京都北山に100年以上の歴史を持つ老舗洋食店のキャピタル東洋亭本店へ行ってきた。その時の満たされた期待と自分の固定観念の浅はかさ故に面食らった体験をご紹介しようと思う。
まず、入り口で私を出迎えたのは冷蔵ショーケースにピラミッドのように積まれたトマト。湯剥きしたトマトサラダが以前から好物だった私には圧巻の光景で思わず武者震いしそうになった。というのも、湯剥きしたトマトサラダを最後に食したのは、かれこれ2年前の夏のことだから武者震いしそうになるのもご理解いただけると思う。このピラミッドトマトの演出は、まさにこれから始まる美食の序章としては申し分ないおもてなしである。注文したのは名物の「100年洋食ハンバーグステーキ」そしてデザートには定番のケーキとアイスコーヒー。
程なくして湯剥きトマトサラダが運ばれてきた。本日のトマトは岐阜県産を使用しているとのこと。
躊躇なく私はトマトにナイフを入れた。そしてその一切れをフォークに突き刺し口に運んだ。その味は全くもってトマトの味だ。小手先の調味で誤魔化さずトマトが自らのアイデンティティを雄弁に語るその尊い味わいに、長年これを求めていた私の期待は完璧に満たされた。心が落ち着くというのはこういうことを言うのだと思う。
そして主役の100年洋食ハンバーグステーキ。
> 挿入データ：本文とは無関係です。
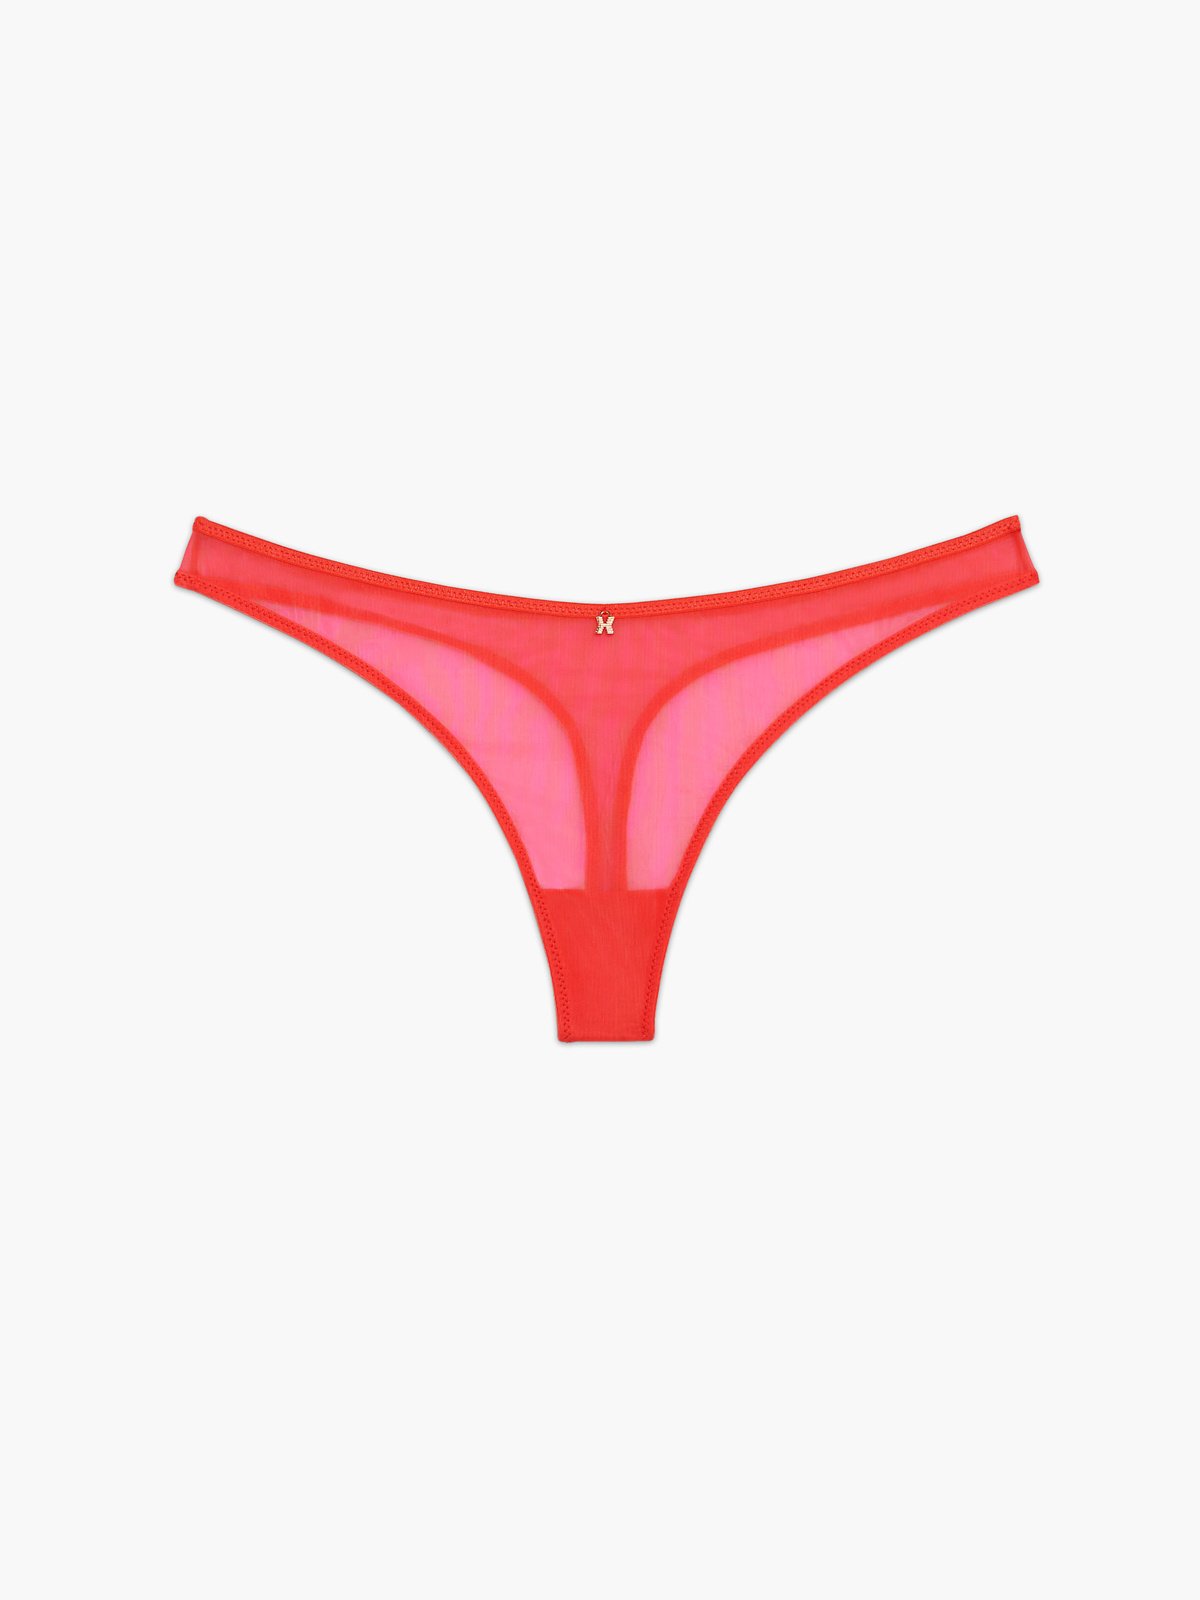 Sheer X Thong Panty in Pink & Red

熱せられた鉄板の上に鎮座するドーム状に膨らんだアルミホイル。この密室の横には蒸したじゃがいもが2個控えめに並べてある。この100年洋食ハンバーグステーキはありふれたデミグラスソースをやめて、濃厚なビーフシチューに変更されている。これは間違いなく老舗の拘りに違いない。濃厚なビーフシチューをハンバーグに纏わせるという贅沢な企みは、一歩間違えばビーフシチューが主役になる危険性をはらんでいる。にも拘らず、東洋亭という舞台監督は敢えてビーフシチューを脇役に起用した。主役の座に慣れてはいるであろうハンバーグステーキも、脇にビーフシチューが控えることで無難なデミグラスソースが脇を務める舞台よりも一層の覚悟が必要である。そしてそれが一段高い次元のハンバーグステーキへと成長させたのである。意図してこの配役を決行した舞台監督に、私は脱帽せざるを得なかった。
蒸したじゃがいもも私の大好物である。米食をやめてじゃがいもだけにしてもいいと思うくらいの好物である。端役と言えども、存在感のある端役がいるからこそ、舞台の質が上がるのは自明の理だ。
しかし、この美味い料理とは裏腹に、この空間を特異なものにしていたのは私の鼓膜を刺激するBGMの存在である。飲食店のバックグラウンドミュージックにはいささかうるさい私だが、東洋亭の選曲には虚を突かれた。それはヨーロッパの寂れた遊園地で流れていそうな、メルヘンチックでありながらも安っぽい哀愁を帯びたメロディ。主旋律を奏でるのは決していい音とは言えないアコーディオンか音がかすれたオルガンに違いない。とにかく決して心が安らぐ音楽とは言えない。かといって耳障りとも言えない。あえて言語化するならば、5次元の幻惑の狭間を浮遊させられているような、まるでインターステラーのクーパーになったような感覚だ。彼との違いはその空間の奇妙な心地よさに自然と身を委ねられたところだろう。舞台監督の計算なのか、はたまた偶然なのか分からない絶妙な音の空間デザインは、間違いなく他店では味わえない代物であり、私の浅はかな固定観念を恥じるべき選曲である。
そしてその奇妙な浮遊感から私を現世に引き戻したのは、栗のミルクレープとアイスコーヒーという堅実で無難なコンビネーションだった。栗の持つ骨身に染みる優しい甘さが、上質な文学を読み解くようにゆっくりと身体の隅々へ浸透していく。まさに食後の終止符にふさわしい味。そこに、私が求めていた「正しい苦味」を持つアイスコーヒーは完璧なタイミングの附け打ちの役目を果たし、今日の100年洋食ハンバーグステーキという舞台を引き締めてくれた。まさに完璧な舞台を観た時のような満足感だ。
視覚と味覚を満たし、予想外の聴覚的浮遊感までをも提供してくれる100年の名店。アイスコーヒーを飲み終えて一息ついた時、ふと梶井基次郎の『器楽的幻覚』を思い出した。この総合芸術を体感すれば、抗うことなくリピーターの列に加わるのが、最も自然な選択ということになるだろう。